= James Longenbach =

American critic and poet

James Longenbach (Sept. 17, 1959 – July 29, 2022) was an American critic and poet. His early critical work focused on modernist poetry, namely that of Ezra Pound, W. B. Yeats, and Wallace Stevens, but came to include contemporary poetry as well. His book of criticism, The Resistance to Poetry, has been described as a "compact and exponentially provocative book." Longenbach published six volumes of poetry including Earthling (2017), which was a finalist for the National Book Critics Circle Award.

==Career==
Longenbach received his bachelor's degree in 1981 from Trinity College in Hartford, Connecticut and subsequently received his Ph.D. from Princeton University.
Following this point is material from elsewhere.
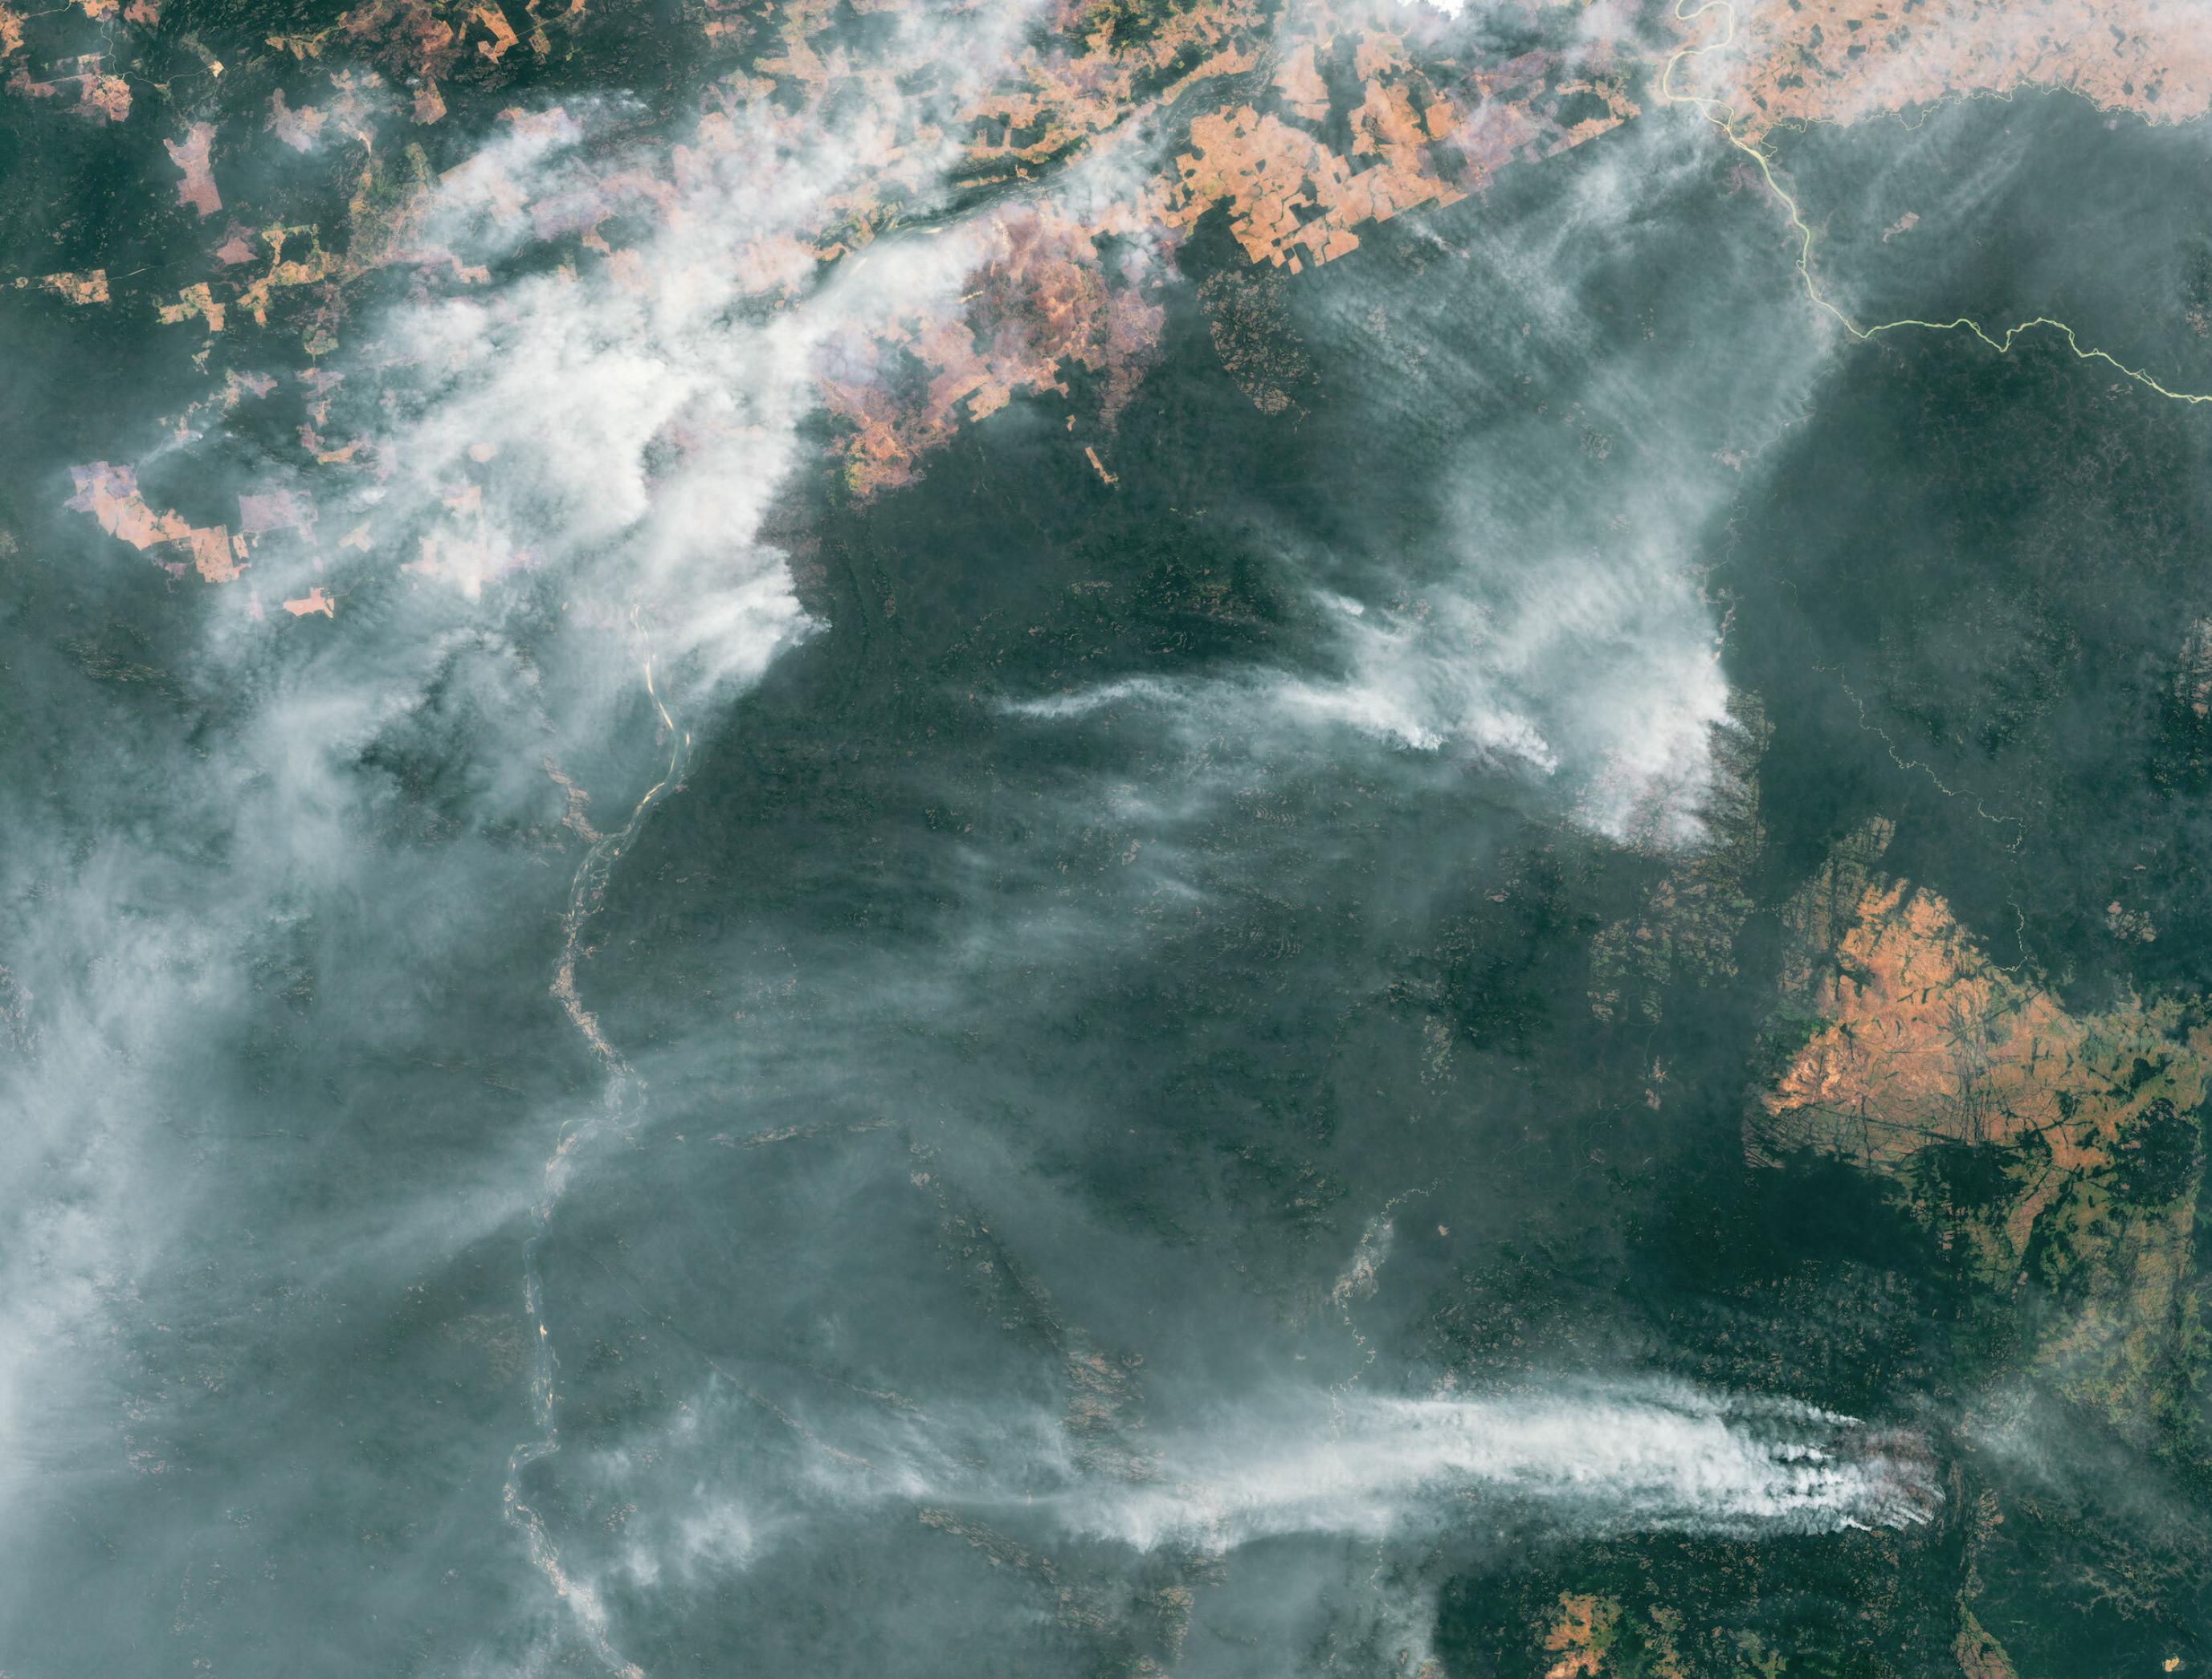 Satellitenbild zeigt Amazonas-Regenwald mit riesigen Rauchschwaden aus Waldbränden.

Longenbach was Joseph Henry Gilmore Professor of English at the University of Rochester and taught at the University from 1985 until his death in 2022. His poems also appeared in many magazines and journals, including The New Yorker, The New Republic, The Nation, and The Yale Review, as well as The Best American Poetry 1995 anthology. Longenbach frequently reviewed books for Boston Review, The Nation, and the Los Angeles Times Book Review.

==Personal life==
Longenbach was married to novelist Joanna Scott (and fellow Trinity graduate) whom he met in Rome, Italy, in 1981. Scott eventually taught in the English Department of the University of Rochester.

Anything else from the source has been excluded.